Affordances Enable Partial World Modeling with LLMs
Khimya Khetarpal, Gheorghe Comanici, Jonathan Richens, Jeremy Shar, Fei Xia, Laurent Orseau, Aleksandra Faust, Doina Precup
TL;DR
Full world models for multi-task planning are costly and brittle; this work investigates using large language models as partial world models guided by affordances. It develops a Generalized Affordance Framework that separates task-agnostic and task-specific intents, introduces distribution-robust affordances, and proves that achieving language-conditioned intents yields predictive partial world models while enabling provably faster search. Theoretical results (Theorem 1 and Theorem 2) link intents to partial world models and to planning efficiency, and empirical validation on tabletop robotics shows that affordance-informed partial models reduce search branching and improve rewards compared to full models.

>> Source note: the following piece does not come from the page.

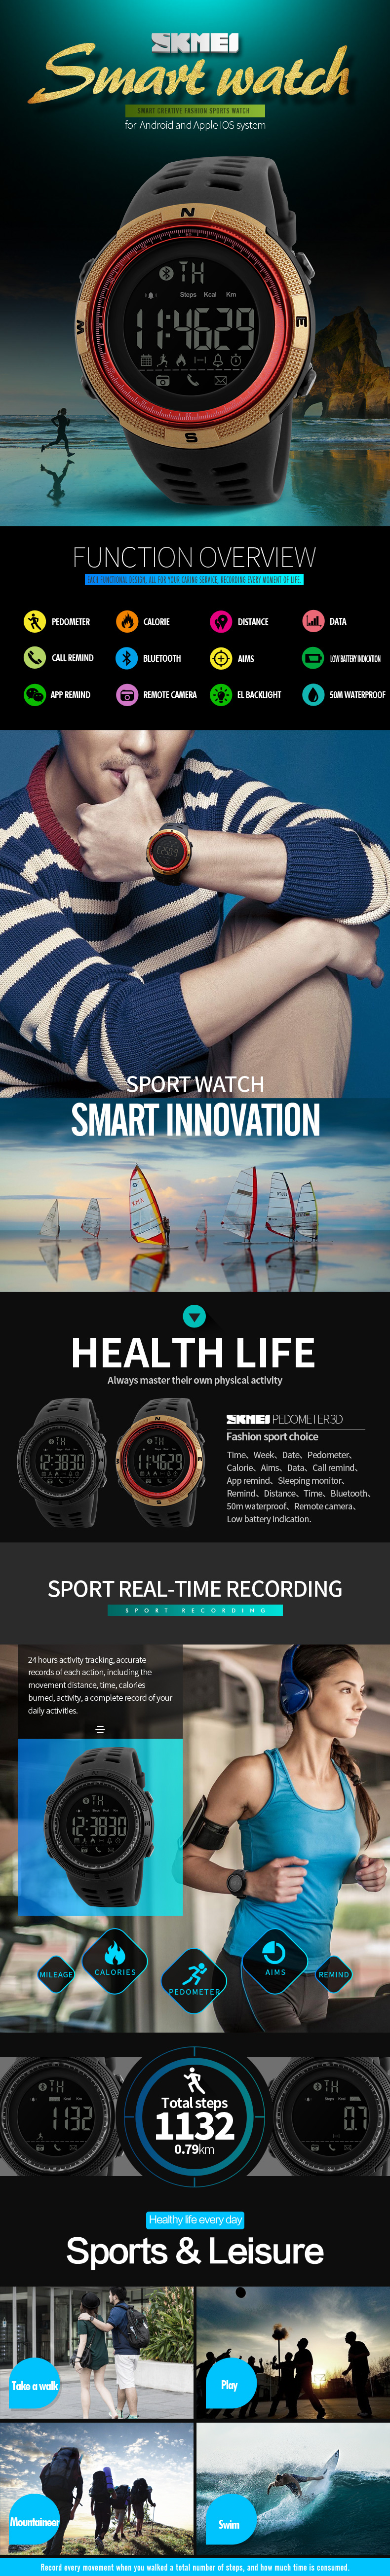 SKMEI-1250-Bluetooth-Smart-Watch-Call-Message-Notification-Pedometer-50M-Waterproof-Sports-Watch-1158853

The approach offers a scalable path to efficient, transferable planning in multi-task robotic domains by constraining dynamics to relevant, robust affordances discovered via LLMs.
Abstract
Full models of the world require complex knowledge of immense detail. While pre-trained large models have been hypothesized to contain similar knowledge due to extensive pre-training on vast amounts of internet scale data, using them directly in a search procedure is inefficient and inaccurate. Conversely, partial models focus on making high quality predictions for a subset of state and actions: those linked through affordances that achieve user intents~\citep{khetarpal2020can}. Can we posit large models as partial world models? We provide a formal answer to this question, proving that agents achieving task-agnostic, language-conditioned intents necessarily possess predictive partial-world models informed by affordances. In the multi-task setting, we introduce distribution-robust affordances and show that partial models can be extracted to significantly improve search efficiency. Empirical evaluations in tabletop robotics tasks demonstrate that our affordance-aware partial models reduce the search branching factor and achieve higher rewards compared to full world models.